В избу без стука зашла закутанная в платок девушка и, остановившись, молча смотрела на Веру Глебовну большими, широко раскрытыми глазами.
– Вот приехала...– кивнула на гостью хозяйка.
– Мне сказали: кто-то городской в ваш дом вошел... Вот и прибежала,девушка продолжала смотреть на Веру Глебовну внимательно и немного смущенно. В руках у нее тихо покачивался какой-то узелок.
– Присаживайся, Танюша, в ногах правды нет,– предложила хозяйка дома.

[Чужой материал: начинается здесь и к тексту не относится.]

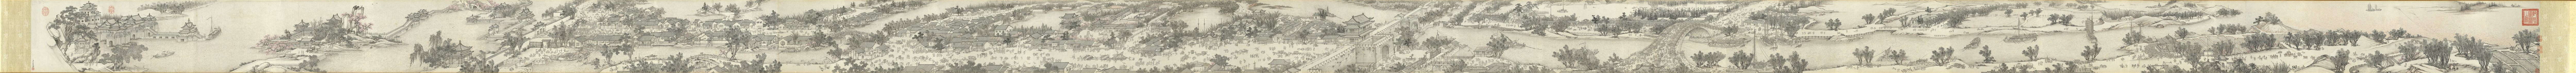 Along the River During the Qingming Festival (by Shen Yuan)
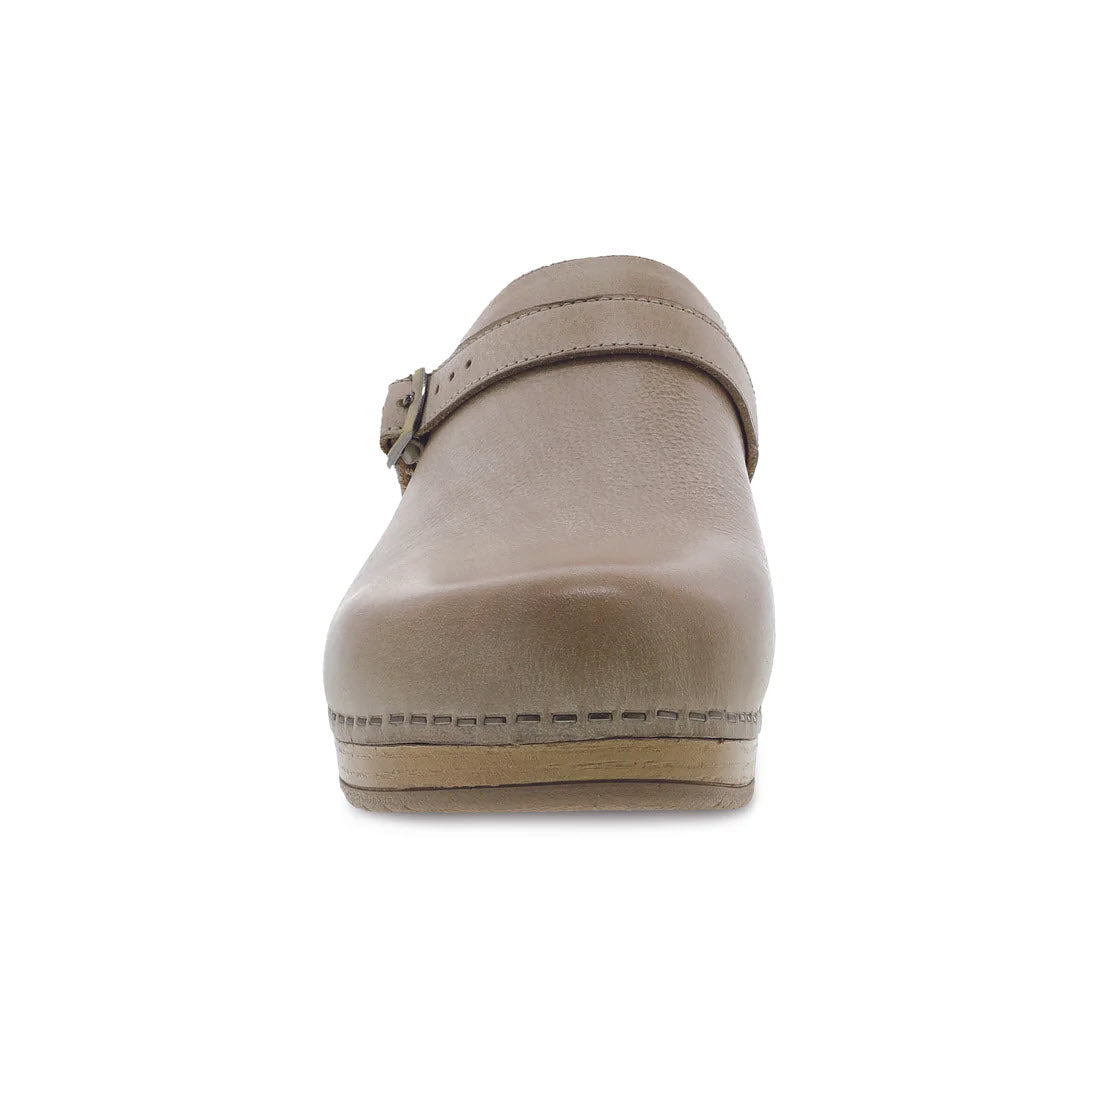 Front view of a single Dansko beige leather mule with an adjustable strap, isolated on a white background.

– Спасибо, тетя Нюша,– девушка взяла табурет, поставила его около Веры Глебовны и села напротив нее.– Вера Глебовна,– начала она.– Я – Таня... Андрей наказал мне покормить вас и... вообще поговорить с вами,– она на минуту замолкла, а потом, смущаясь, добавила: – И поцеловать за него,– она приблизилась, прижалась губами к лицу Веры Глебовны и заплакала.
И Вера Глебовна, поняв, что эти девичьи губы, наверно, целовал Андрей перед своим уходом, тоже не выдержала и, обняв девушку и прижав ее к себе словно родную, тоже разрыдалась.
– Так-то оно лучше – поплакать-то,– сказала хозяйка и вышла.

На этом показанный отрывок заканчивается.